Хотя двор даровал чиновникам новогодние выходные, Сун Мо, служивший в страже Цзиньву, как обычно, должен был выходить на дежурство. Поэтому на следующее утро, едва позавтракав, он отправился в управление.
Доу Дэчан и Доу Цицзюнь пришли вместе.
Однако они не пошли к Доу Чжао, а направились прямиком в павильон Сяньсянь.
Сун Ичунь, которого накануне вечером, на Малый Новый год, Доу Чжао довела чуть ли не до сердечного приступа, до сих пор лежал больной. Он полулежал, обессиленный, на широкой лежанке у окна, привалившись к изголовью, и ломал голову над доходами гунского рода Ин за текущий год.

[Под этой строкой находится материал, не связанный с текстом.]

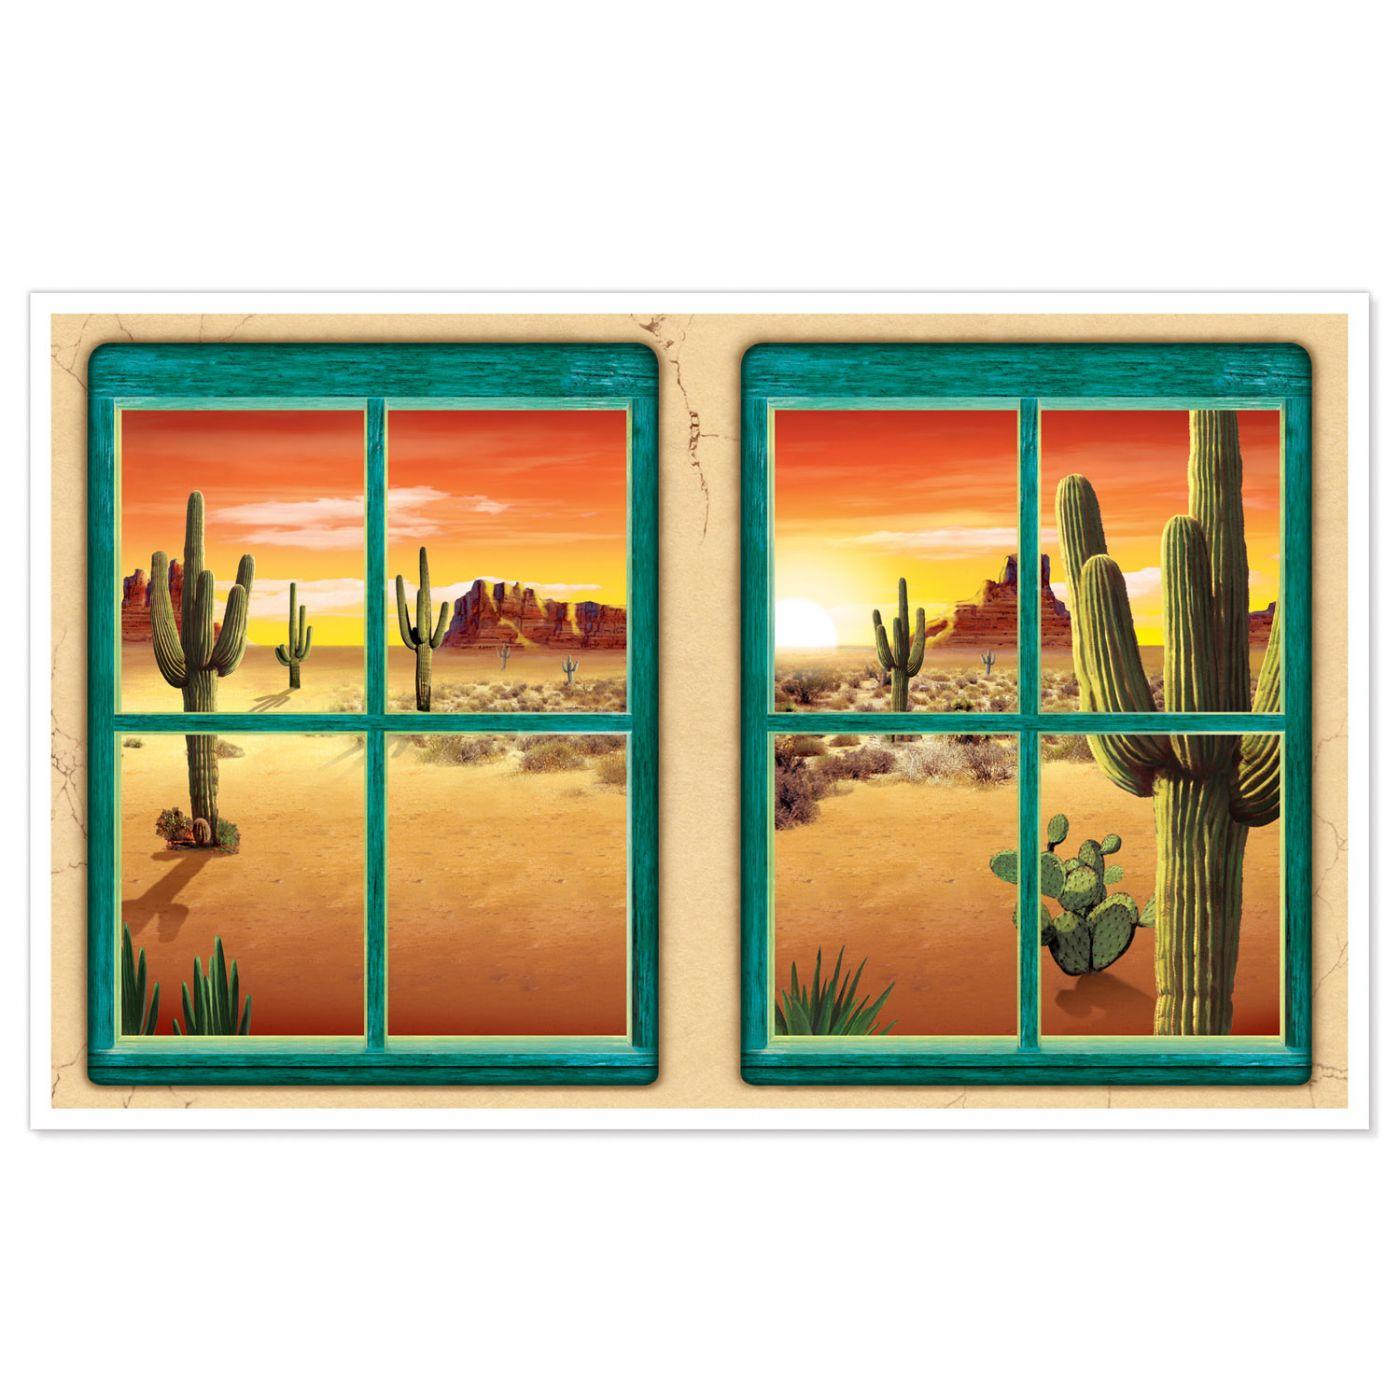 Desert Insta-View (6) image

По сравнению с прошлым годом, прибыль упала на треть. Он пересмотрел всё вдоль и поперёк — и всё равно не мог понять, в чём дело.
Когда госпожа Цзян была жива, он хоть и не ведал хозяйственных дел, но был в курсе всех годовых прибылей. Доходы, конечно, отчасти зависели от погоды, но никогда не отличались настолько резко. А теперь, с каждым годом, казна всё тощала. По сравнению с тем, когда домом заправляла госпожа Цзян, доходы сократились почти вдвое.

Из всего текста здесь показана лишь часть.